§ Provided data:
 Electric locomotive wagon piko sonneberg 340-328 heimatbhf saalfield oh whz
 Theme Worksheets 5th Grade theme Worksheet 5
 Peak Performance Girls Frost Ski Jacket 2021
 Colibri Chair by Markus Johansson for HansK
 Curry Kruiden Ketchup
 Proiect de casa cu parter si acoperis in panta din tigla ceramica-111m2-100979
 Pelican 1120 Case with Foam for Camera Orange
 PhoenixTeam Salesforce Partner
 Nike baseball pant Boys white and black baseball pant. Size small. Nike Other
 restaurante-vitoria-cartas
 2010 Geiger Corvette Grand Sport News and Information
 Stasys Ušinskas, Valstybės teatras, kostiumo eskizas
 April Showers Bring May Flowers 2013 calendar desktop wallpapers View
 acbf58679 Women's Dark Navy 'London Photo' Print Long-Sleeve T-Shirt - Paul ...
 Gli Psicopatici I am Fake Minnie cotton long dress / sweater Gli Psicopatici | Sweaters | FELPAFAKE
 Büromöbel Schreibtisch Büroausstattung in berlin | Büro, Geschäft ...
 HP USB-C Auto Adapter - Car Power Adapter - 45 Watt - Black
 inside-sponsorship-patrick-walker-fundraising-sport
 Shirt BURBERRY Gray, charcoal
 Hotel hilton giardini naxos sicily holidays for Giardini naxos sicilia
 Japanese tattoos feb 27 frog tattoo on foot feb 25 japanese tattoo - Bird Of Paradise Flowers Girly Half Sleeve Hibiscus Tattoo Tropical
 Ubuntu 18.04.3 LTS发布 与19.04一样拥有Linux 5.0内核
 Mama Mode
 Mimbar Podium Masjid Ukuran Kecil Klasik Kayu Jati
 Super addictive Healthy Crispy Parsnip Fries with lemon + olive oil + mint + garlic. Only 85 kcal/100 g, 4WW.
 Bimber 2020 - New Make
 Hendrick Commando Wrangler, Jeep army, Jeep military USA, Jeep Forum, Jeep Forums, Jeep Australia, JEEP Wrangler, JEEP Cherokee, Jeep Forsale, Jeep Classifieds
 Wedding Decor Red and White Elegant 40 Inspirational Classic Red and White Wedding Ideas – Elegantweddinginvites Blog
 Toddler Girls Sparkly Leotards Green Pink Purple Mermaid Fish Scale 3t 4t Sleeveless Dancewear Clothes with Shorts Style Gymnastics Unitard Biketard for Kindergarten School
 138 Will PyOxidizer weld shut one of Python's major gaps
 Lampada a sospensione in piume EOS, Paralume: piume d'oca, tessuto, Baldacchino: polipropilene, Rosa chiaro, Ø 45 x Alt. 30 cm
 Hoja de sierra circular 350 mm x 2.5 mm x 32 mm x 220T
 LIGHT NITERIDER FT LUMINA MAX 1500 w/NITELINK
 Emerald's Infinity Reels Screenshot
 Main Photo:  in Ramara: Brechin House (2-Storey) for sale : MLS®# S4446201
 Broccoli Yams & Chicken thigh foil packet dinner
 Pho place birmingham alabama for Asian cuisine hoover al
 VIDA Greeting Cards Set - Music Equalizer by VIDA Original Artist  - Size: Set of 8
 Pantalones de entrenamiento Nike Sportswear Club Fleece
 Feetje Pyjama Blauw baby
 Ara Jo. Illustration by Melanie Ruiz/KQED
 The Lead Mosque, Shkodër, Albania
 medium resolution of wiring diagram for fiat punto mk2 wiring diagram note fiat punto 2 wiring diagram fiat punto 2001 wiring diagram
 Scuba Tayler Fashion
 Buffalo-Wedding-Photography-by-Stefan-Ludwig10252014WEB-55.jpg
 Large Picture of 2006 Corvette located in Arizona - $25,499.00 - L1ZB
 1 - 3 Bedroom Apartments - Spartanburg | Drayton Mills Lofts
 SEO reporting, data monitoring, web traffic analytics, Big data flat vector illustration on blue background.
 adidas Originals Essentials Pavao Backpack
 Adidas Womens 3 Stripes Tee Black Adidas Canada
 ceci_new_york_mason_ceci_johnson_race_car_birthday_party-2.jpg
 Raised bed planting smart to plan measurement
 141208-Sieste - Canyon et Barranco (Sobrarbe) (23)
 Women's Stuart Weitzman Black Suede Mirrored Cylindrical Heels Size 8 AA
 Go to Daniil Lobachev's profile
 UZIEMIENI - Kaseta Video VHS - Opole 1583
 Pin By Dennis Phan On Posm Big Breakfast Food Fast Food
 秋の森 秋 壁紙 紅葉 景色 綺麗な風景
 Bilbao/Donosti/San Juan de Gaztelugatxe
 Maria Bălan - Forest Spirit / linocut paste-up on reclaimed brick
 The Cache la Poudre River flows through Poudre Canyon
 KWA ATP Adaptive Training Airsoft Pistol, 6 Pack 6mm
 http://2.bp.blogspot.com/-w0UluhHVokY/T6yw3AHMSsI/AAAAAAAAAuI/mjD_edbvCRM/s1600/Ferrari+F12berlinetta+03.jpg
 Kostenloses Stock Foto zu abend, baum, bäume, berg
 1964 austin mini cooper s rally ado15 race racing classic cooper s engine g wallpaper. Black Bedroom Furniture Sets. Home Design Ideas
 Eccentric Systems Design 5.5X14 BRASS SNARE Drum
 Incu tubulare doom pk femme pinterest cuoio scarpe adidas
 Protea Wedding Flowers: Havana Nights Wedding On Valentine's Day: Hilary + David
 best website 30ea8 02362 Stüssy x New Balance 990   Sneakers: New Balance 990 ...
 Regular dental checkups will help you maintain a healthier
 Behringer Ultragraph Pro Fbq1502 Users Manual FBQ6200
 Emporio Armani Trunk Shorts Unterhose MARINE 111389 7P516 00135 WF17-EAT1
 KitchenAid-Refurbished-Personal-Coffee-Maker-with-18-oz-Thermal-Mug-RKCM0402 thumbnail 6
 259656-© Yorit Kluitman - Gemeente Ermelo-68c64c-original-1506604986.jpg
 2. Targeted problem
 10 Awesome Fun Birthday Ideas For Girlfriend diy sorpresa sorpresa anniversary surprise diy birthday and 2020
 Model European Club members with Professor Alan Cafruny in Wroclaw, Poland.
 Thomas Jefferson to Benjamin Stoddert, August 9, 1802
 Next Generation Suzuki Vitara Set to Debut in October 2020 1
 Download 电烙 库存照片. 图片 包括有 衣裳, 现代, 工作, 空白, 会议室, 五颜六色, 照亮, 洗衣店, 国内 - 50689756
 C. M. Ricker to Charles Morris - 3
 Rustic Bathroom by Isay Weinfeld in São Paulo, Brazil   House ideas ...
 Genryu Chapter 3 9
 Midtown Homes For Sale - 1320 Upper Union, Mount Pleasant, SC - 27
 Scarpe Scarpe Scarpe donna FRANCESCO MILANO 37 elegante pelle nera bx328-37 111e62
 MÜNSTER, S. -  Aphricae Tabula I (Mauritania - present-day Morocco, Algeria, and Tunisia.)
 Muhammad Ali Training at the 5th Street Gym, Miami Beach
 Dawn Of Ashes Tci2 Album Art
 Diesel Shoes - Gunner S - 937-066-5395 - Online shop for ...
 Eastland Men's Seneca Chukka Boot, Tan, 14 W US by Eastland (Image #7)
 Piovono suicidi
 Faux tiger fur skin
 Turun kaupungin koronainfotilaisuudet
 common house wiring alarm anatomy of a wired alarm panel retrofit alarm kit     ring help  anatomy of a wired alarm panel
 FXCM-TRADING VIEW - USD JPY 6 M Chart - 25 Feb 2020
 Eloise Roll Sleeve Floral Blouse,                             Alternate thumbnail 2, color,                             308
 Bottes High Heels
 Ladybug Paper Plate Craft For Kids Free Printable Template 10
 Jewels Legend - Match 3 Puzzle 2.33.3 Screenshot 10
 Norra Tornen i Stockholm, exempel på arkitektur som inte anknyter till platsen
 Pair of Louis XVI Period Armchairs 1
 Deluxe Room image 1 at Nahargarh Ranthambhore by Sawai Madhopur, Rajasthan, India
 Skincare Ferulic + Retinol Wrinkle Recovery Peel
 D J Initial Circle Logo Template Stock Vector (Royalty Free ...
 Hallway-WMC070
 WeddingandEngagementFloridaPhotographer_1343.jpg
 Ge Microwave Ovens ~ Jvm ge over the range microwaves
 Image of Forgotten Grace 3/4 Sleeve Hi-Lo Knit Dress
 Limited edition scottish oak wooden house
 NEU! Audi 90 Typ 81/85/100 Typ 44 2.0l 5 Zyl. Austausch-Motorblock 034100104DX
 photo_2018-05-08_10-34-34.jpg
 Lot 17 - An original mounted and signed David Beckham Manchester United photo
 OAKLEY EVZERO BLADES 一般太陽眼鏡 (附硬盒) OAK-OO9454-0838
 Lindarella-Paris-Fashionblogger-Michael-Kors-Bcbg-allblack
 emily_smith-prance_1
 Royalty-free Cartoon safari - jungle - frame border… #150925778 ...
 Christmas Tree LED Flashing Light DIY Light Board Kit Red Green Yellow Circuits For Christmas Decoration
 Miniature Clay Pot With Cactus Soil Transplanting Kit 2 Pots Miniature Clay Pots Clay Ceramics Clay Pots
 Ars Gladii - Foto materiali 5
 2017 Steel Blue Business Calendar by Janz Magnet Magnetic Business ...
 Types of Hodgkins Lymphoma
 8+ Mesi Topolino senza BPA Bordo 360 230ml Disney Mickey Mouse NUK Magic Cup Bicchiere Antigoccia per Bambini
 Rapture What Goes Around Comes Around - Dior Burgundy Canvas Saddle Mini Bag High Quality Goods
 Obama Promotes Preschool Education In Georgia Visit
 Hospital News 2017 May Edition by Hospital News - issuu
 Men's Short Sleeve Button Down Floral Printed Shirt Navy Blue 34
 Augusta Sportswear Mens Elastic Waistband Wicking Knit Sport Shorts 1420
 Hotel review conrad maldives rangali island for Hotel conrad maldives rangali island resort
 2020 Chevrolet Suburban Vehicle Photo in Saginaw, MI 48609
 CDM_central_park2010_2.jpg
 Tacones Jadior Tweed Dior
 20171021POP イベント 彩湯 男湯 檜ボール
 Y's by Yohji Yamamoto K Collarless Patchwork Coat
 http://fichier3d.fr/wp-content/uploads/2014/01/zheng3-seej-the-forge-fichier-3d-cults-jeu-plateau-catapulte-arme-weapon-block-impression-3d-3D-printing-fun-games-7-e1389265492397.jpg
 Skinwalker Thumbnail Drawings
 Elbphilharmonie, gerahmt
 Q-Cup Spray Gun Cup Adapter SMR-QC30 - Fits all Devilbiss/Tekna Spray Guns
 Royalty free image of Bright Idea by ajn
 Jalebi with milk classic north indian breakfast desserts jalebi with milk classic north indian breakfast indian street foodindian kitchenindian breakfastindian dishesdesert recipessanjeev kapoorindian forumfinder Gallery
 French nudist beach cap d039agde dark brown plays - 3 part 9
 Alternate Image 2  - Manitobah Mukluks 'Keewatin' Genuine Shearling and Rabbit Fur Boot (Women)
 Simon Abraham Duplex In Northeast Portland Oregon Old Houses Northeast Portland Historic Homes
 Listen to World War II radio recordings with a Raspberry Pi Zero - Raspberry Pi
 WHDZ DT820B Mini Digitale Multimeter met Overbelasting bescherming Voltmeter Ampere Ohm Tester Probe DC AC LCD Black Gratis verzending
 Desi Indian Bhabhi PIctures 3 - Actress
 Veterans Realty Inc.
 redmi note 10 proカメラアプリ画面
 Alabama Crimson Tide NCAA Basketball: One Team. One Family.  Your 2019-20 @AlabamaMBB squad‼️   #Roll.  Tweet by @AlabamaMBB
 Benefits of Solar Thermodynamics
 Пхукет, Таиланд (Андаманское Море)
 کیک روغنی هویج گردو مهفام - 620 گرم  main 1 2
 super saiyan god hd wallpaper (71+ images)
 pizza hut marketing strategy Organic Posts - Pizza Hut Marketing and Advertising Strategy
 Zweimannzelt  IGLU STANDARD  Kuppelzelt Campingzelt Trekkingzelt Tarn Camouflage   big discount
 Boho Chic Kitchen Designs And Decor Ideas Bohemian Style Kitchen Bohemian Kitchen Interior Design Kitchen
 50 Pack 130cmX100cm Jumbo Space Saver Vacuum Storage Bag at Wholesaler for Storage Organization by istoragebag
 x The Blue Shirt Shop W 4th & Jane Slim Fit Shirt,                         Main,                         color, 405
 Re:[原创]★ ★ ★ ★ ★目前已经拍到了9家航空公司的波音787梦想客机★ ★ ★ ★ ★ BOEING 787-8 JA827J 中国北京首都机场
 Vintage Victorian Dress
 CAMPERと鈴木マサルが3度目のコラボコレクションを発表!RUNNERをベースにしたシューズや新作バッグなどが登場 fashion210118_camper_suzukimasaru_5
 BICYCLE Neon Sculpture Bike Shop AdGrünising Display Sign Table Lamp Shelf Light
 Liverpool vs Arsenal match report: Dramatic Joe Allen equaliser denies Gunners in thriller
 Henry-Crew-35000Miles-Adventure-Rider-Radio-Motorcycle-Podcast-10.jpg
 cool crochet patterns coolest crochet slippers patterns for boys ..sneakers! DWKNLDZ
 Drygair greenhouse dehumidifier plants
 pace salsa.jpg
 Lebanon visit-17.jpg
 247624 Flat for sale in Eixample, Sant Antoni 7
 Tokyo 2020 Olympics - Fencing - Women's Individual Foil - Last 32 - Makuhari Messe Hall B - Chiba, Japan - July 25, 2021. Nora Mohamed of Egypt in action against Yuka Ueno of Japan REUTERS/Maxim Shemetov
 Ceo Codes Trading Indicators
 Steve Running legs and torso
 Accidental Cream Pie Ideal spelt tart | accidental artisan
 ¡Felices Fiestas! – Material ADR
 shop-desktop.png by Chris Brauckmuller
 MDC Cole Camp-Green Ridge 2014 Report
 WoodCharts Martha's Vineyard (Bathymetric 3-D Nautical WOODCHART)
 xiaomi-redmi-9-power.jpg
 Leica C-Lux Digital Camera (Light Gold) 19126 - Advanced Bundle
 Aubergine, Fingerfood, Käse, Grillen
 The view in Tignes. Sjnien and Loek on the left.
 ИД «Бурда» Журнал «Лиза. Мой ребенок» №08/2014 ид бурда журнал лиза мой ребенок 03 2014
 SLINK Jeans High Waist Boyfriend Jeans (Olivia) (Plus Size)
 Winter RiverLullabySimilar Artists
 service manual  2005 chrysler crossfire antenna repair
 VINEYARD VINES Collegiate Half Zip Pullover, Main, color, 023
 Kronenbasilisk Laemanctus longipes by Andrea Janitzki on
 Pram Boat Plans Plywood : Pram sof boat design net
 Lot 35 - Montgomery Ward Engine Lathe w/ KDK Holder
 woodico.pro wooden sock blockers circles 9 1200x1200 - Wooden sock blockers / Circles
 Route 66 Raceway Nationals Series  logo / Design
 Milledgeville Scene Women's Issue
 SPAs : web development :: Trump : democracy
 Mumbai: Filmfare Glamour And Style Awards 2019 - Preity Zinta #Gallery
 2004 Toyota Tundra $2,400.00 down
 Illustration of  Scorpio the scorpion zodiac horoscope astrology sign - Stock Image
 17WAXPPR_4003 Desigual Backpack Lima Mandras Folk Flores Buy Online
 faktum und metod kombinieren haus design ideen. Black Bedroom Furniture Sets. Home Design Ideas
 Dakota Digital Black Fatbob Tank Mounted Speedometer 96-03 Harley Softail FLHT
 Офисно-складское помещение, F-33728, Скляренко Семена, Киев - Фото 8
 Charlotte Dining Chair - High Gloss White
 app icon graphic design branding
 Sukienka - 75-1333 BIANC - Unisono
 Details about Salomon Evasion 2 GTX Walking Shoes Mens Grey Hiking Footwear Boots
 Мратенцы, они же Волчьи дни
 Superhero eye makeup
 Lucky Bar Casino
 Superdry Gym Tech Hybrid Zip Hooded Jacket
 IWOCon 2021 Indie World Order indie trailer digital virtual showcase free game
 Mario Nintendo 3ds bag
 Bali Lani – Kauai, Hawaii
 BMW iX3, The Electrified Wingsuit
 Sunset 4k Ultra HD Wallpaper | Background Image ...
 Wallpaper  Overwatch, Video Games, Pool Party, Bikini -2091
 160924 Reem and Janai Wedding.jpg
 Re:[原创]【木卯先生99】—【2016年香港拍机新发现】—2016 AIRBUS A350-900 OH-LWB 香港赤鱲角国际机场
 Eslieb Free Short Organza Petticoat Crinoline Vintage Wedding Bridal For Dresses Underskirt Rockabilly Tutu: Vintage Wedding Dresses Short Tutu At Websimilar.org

§ The problem:
Each line from the top of the data, up to and including the line that contains "April Showers Bring", should be set down exactly.

§ Solution to this problem:
 Electric locomotive wagon piko sonneberg 340-328 heimatbhf saalfield oh whz
 Theme Worksheets 5th Grade theme Worksheet 5
 Peak Performance Girls Frost Ski Jacket 2021
 Colibri Chair by Markus Johansson for HansK
 Curry Kruiden Ketchup
 Proiect de casa cu parter si acoperis in panta din tigla ceramica-111m2-100979
 Pelican 1120 Case with Foam for Camera Orange
 PhoenixTeam Salesforce Partner
 Nike baseball pant Boys white and black baseball pant. Size small. Nike Other
 restaurante-vitoria-cartas
 2010 Geiger Corvette Grand Sport News and Information
 Stasys Ušinskas, Valstybės teatras, kostiumo eskizas
 April Showers Bring May Flowers 2013 calendar desktop wallpapers View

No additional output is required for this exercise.